Они рассмеялись и не знали, почему им вдруг стало так весело. Иван поспешил отстегнуть ремешок и снять каску. Повторяя глухим, сдавленным голосом: «Валя, моя любимая»… — он целовал ее, ничего не видя и не слыша. Казалось, что в эти минуты и вода в берегах перестала биться о камни, и темная стена леса покачнулась и отступила от них… Они лежали на примятой, пахнущей разноцветьем траве, встревоженные, пристыженные, и молчали. Да и о чем же говорить, когда и так все уже было сказано. Глаза у них влажные, счастливые. Когда пригляделись к темноте, то заметили, что ночь была не такая уж и темная, что были видны не только лес, а и стоявший в сторонке мотоцикл, и шапки кустов, и густые россыпи звезд на чистом высоком небе.

— Завтра, Валя, мы пойдем в станичный Совет и распишемся.

— Нельзя так сразу.

— Почему нельзя? Все можно…

— Не забывай, Ваня, у меня есть муж.

— Теперь я твой муж, а ты моя жена.

— Как у тебя все просто…

— Ты же любишь меня, Валя? Я же знаю, любишь.

— И ты еще спрашиваешь?

Она вдруг заплакала, а Иван, не зная, что ей сказать и как ее утешить, молчал.

Рядом, в глубоких темных берегах, буруны старались больше прежнего, словно бы радуясь, что их слушают, и шумели они как-то уж очень протяжно и напевно.

5

Распугав сидевших возле плетня кур, Иван прострочил тихую, затененную акацией улочку и свернул во двор своей тетушки Анисьи. Старшая сестра его матери, эта милая, добрая женщина, осталась одна в своей хатенке, стоявшей посреди широкого, по-сиротски заросшего травой двора. Ее муж погиб на фронте, единственная дочь Вера окончила Степновский медицинский институт, там же, в Степновске, вышла замуж и к матери не вернулась. Во всей станице, наверное, одна тетушка Анисья и понимала Ивана, и сочувствовала ему: «И негде вам, разнесчастным, приютиться». И она посоветовала племяннику встречаться с Валентиной у нее в хате, и когда молодые люди приходили, она всякий раз покидала их, говоря, что ее ждут какие-то неотложные дела.

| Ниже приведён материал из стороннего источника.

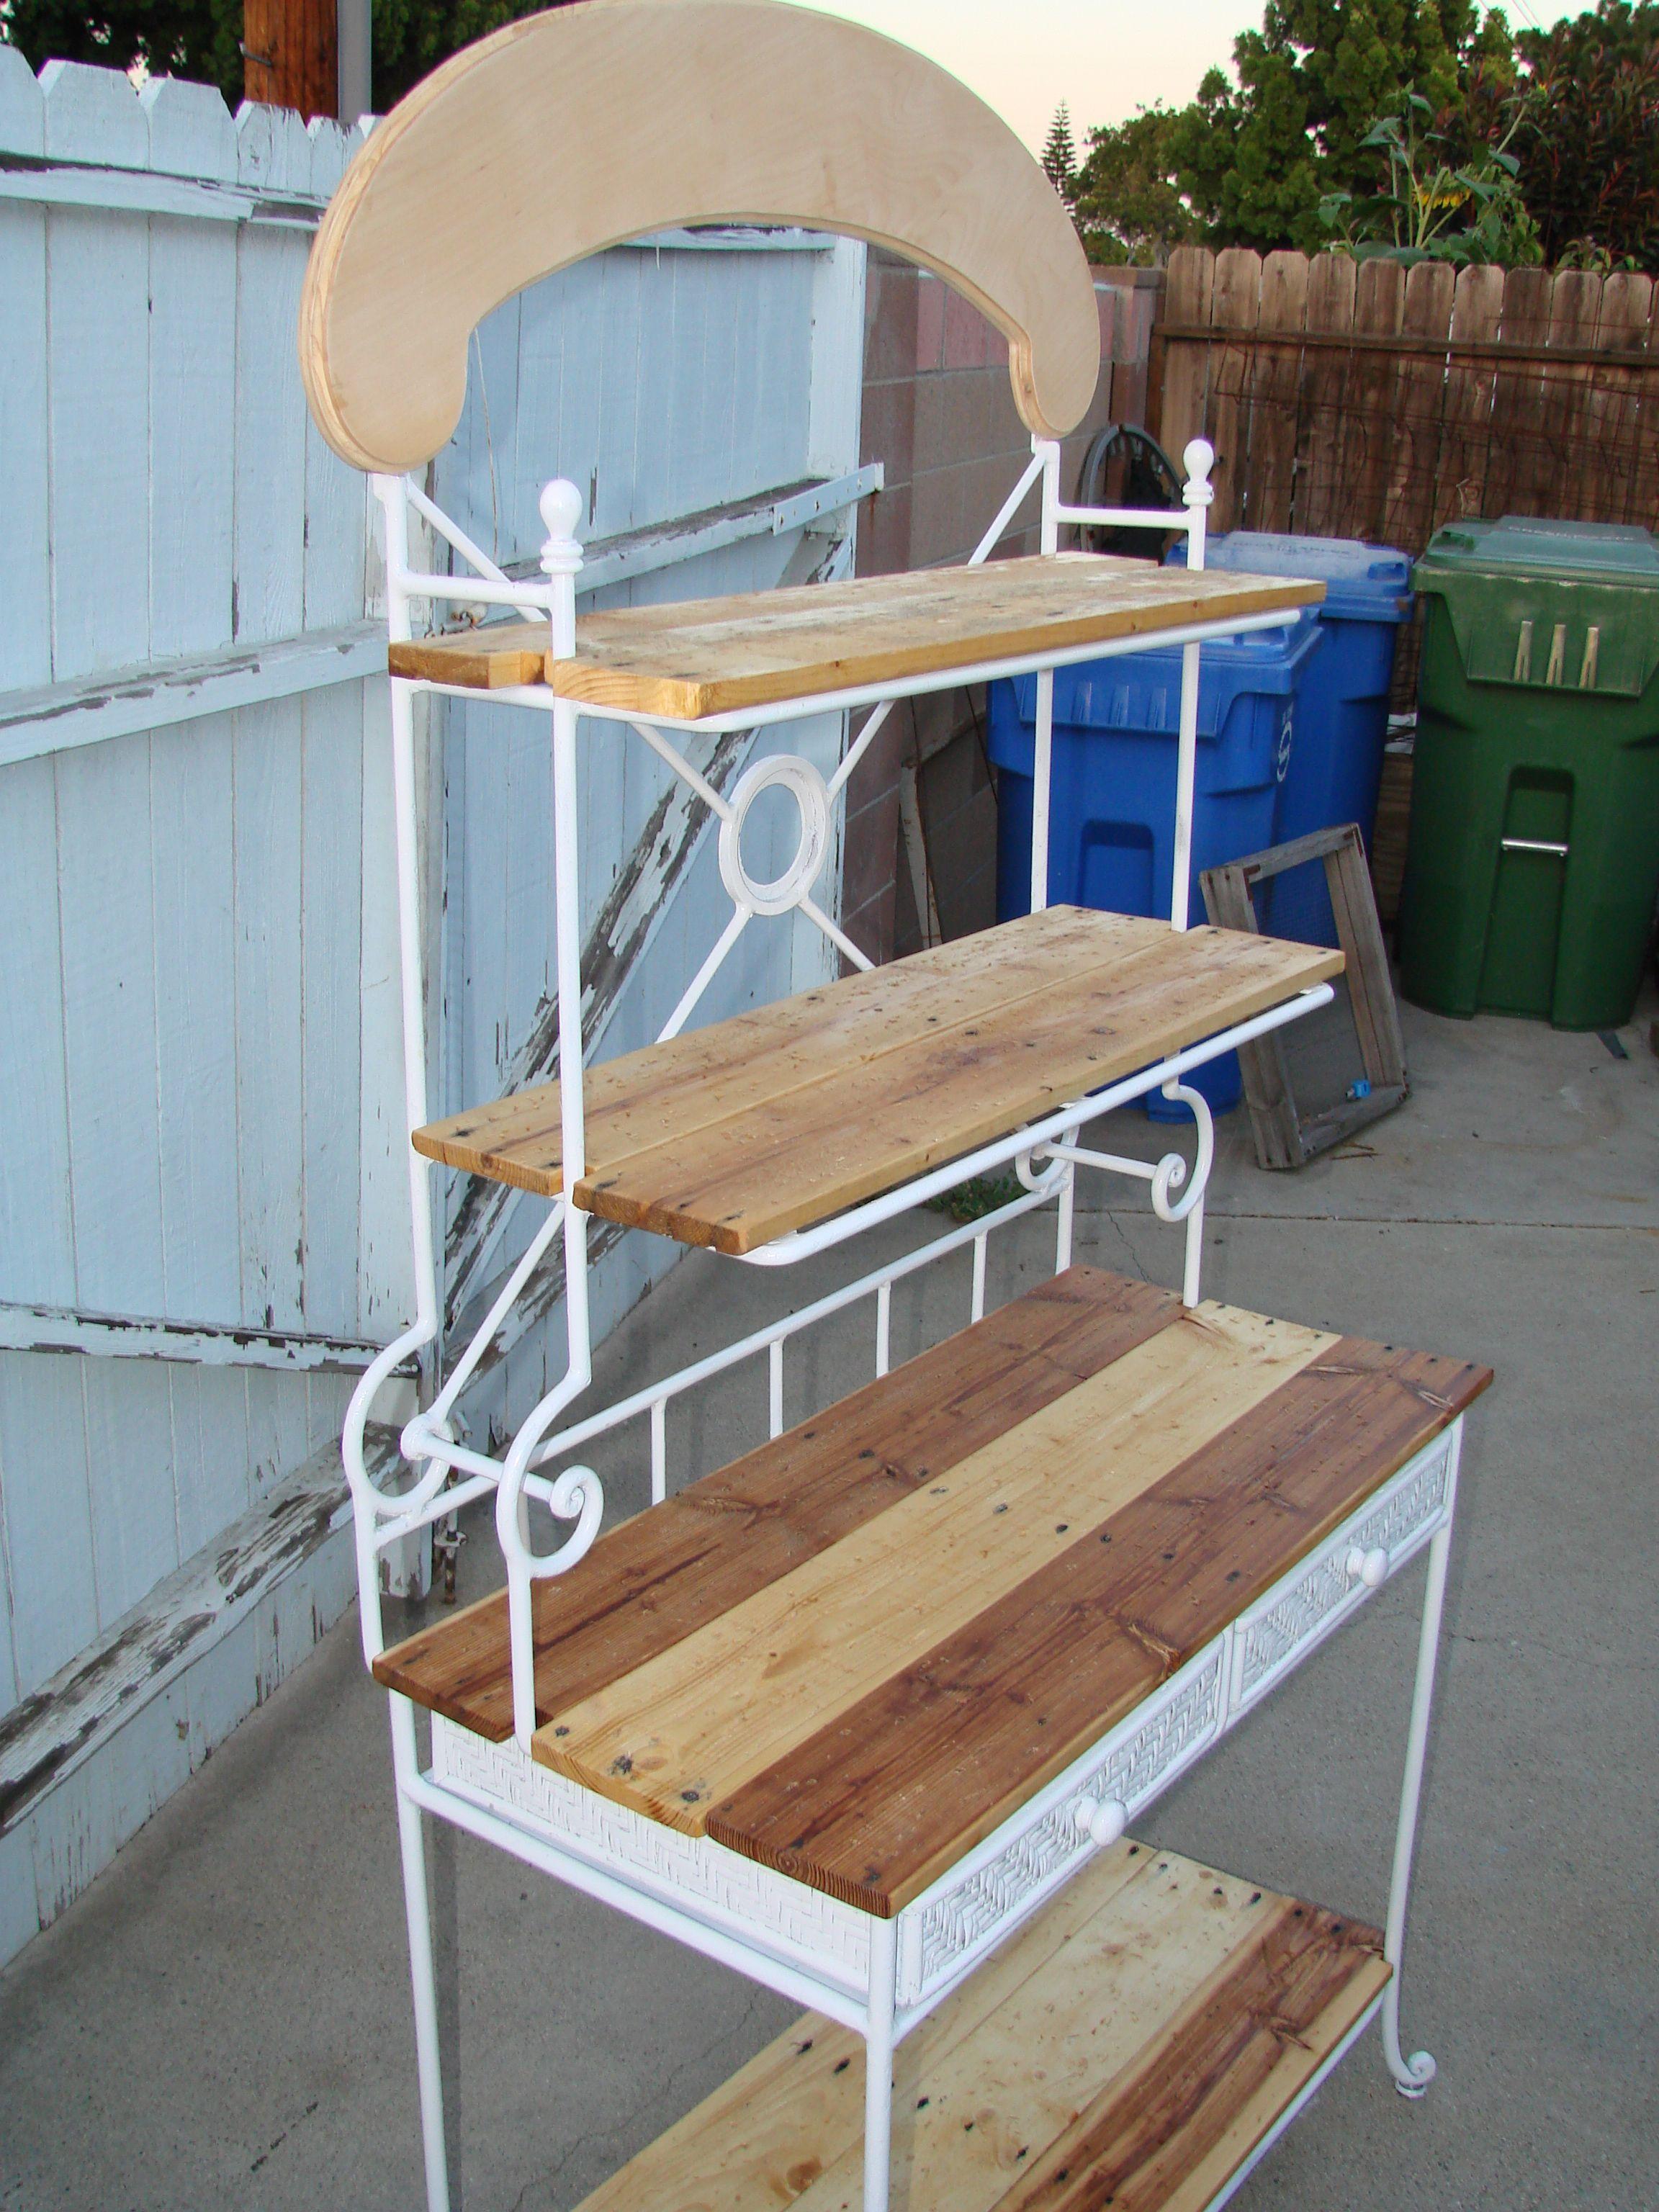 5 00 Yard Sale Bakers Rack Refurbished Using Pallet Wood Shelves

Сегодня она стояла у калитки, прислушивалась. Встретила племянника, сказала:

— Ну, я схожу к соседке. Марфа Игнатьевна что-то приболела, просила зайти.

— А Валя здесь?

— Давно, бедняжка, мается.

— Тетя, мы скоро уедем.

— Уезжайте. Не забудь прикрыть дверь.

Иван вкатил во двор мотоцикл, привалил его к стене и увидел Валентину. Она стояла в дверях, на глазах, на лице следы недавних слез.

— Ваня, и где ты пропадаешь? Я жду, жду…

— Так ведь еще рано. Пусть хоть стемнеет. Ты же сама просила…

— Мне теперь все равно, светло ли, темно ли… Может, тебе уже не хочется ехать? Так ты скажи, не стесняйся…

— Ну зачем же, Валя?

Можешь не ехать, я тебя не прошу. — Она заплакала, всхлипывая и закрывая лицо руками. — Когда это кончится? Живем как преступники. — Она смотрела на Ивана, и губы ее дрожали, хотела улыбнуться и не могла. — Скоро два года с той нашей памятной ноченьки… Андрюшка, горюшко наше, растет… А что изменилось? Ничего…

— Изменится, должно измениться…

— Может, тебя уже и Андрюшка не радует?

— Ну что ты плетешь? Успокойся, Валя… Третьего дня у меня снова был разговор с отцом. Теперь начал не я, а он.

— Ну и что?

— Пока ничего хорошего.

— Значит, не отпускает от себя? Сколько раз я говорила: уедем отсюда, вот так, как стоим, бросим все, возьмем Андрюшку и начнем новую, свою жизнь.

— Так нельзя, Валя…

— Почему нельзя? Отец тебе дороже меня?

— Не в отце дело.

— Тогда в чем же оно… наше дело?

— Нужен развод.

— Ты же знаешь, мне его не дают. Но ведь можно и без развода… Или нельзя, да?

— Я прошу тебя успокоиться и понять…

— Что еще понимать? Надоела мне такая жизнь…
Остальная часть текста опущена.